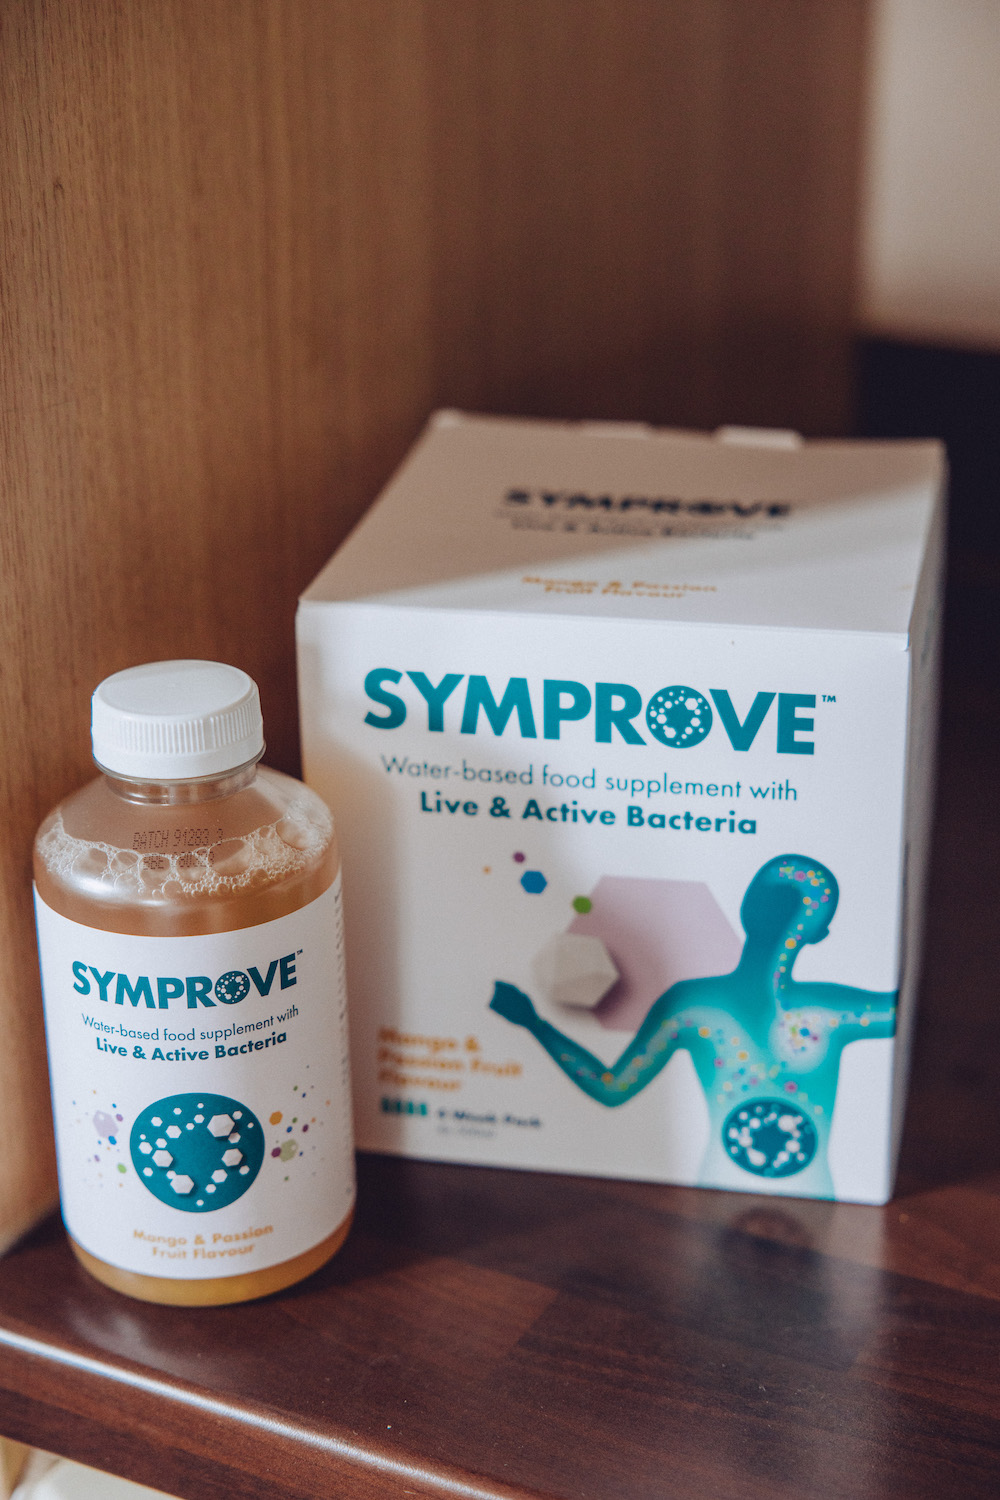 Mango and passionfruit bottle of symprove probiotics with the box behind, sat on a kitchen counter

--

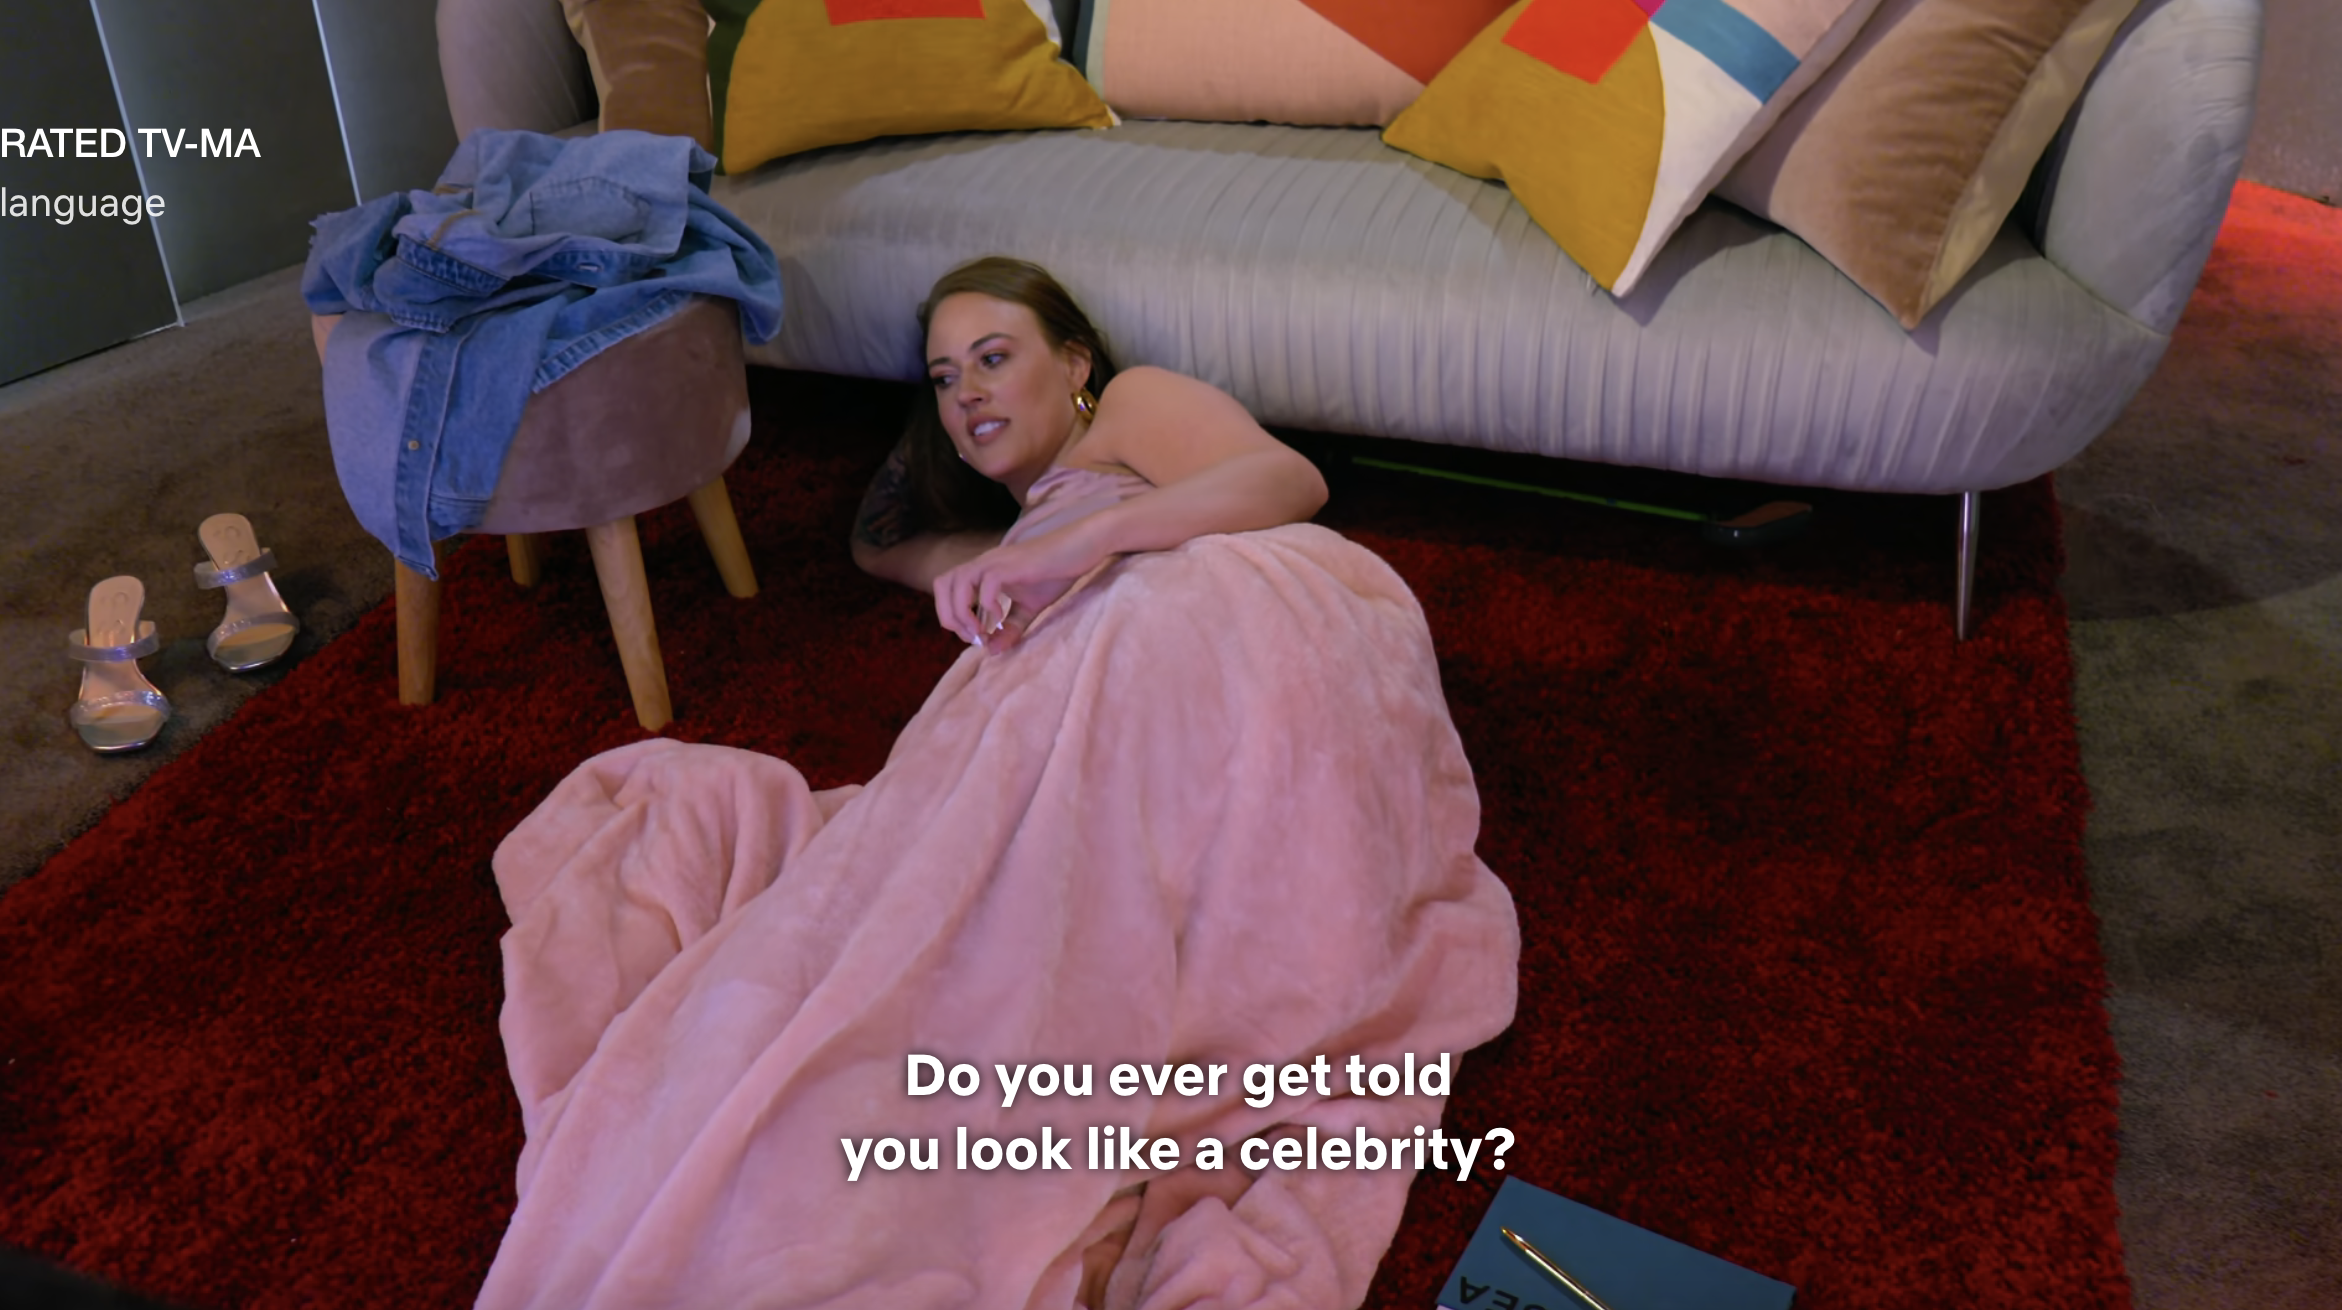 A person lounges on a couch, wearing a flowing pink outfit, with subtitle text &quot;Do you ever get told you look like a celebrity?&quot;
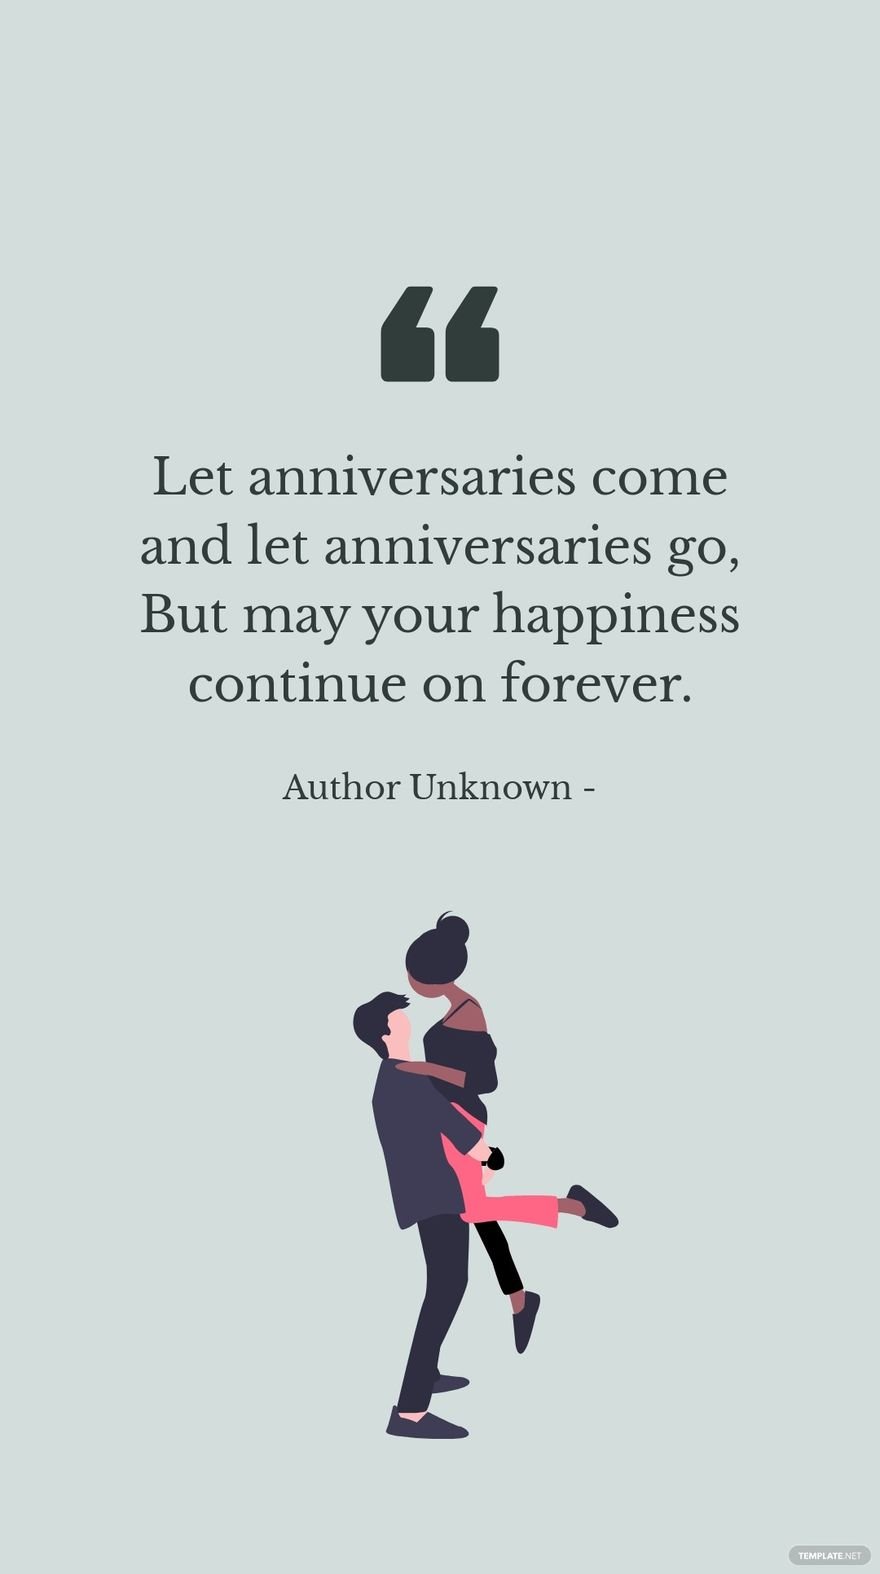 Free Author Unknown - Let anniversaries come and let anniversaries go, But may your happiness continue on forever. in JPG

--

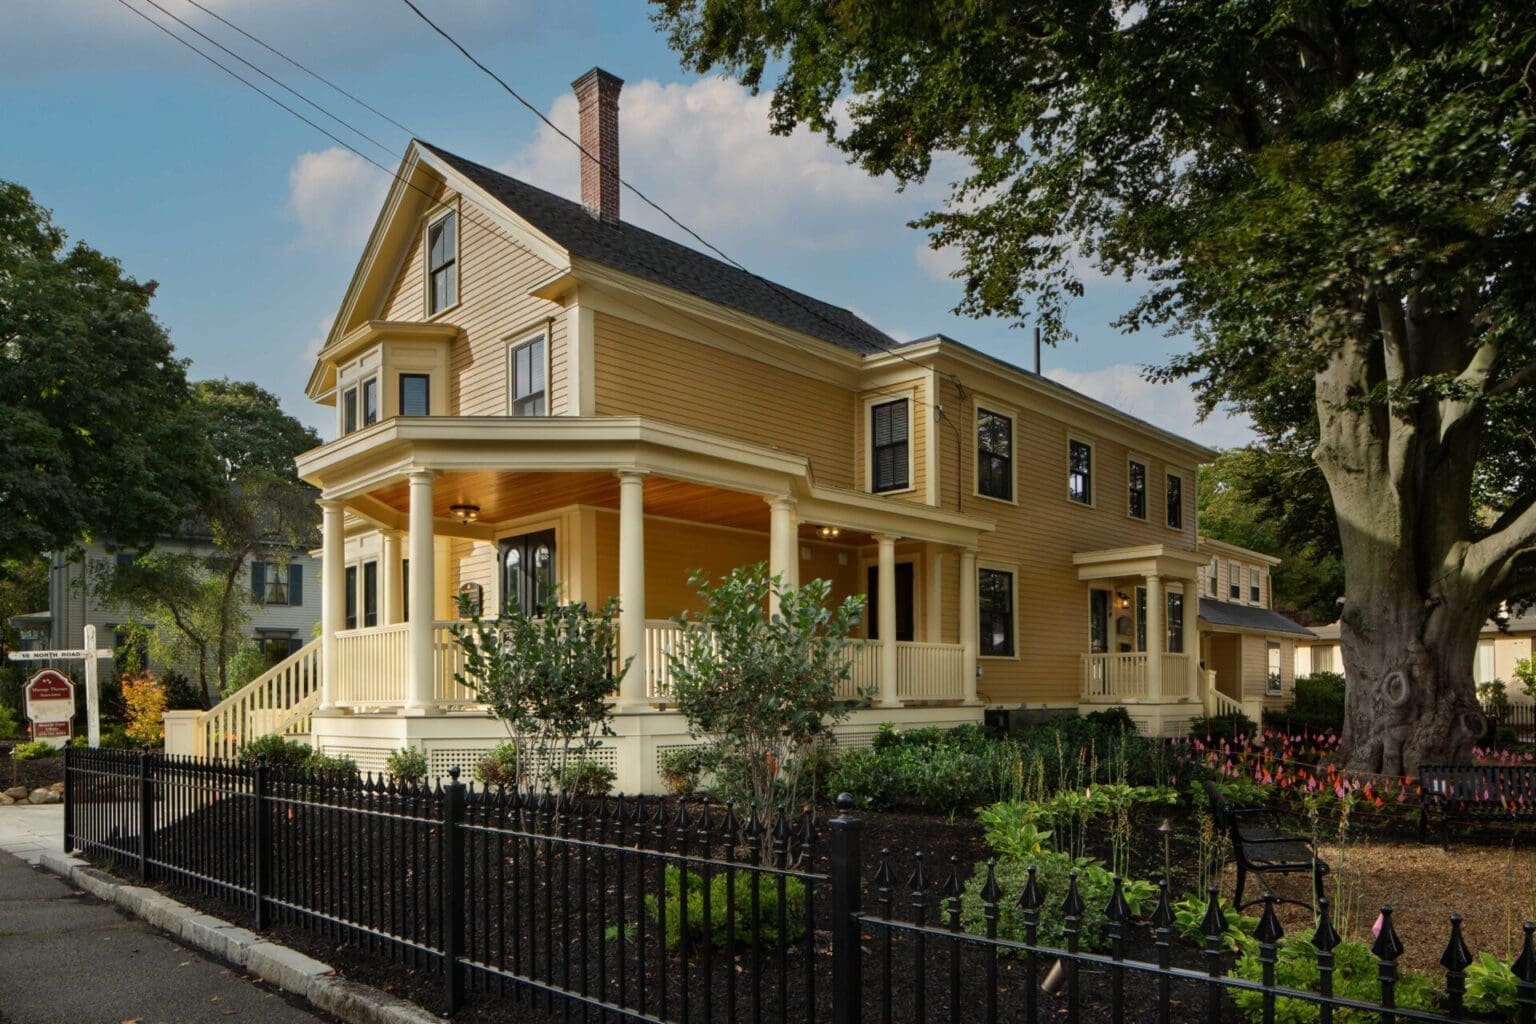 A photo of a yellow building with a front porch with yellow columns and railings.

• [PROBLEM STATEMENT]: Look back at the data above, then output exactly the lines from the line holding "A person lounges" up to and including the line holding "Free Author Unknown". Leave out the pictures.

• [EXPECTED ANSWER]:
 A person lounges on a couch, wearing a flowing pink outfit, with subtitle text &quot;Do you ever get told you look like a celebrity?&quot;
 Free Author Unknown - Let anniversaries come and let anniversaries go, But may your happiness continue on forever. in JPG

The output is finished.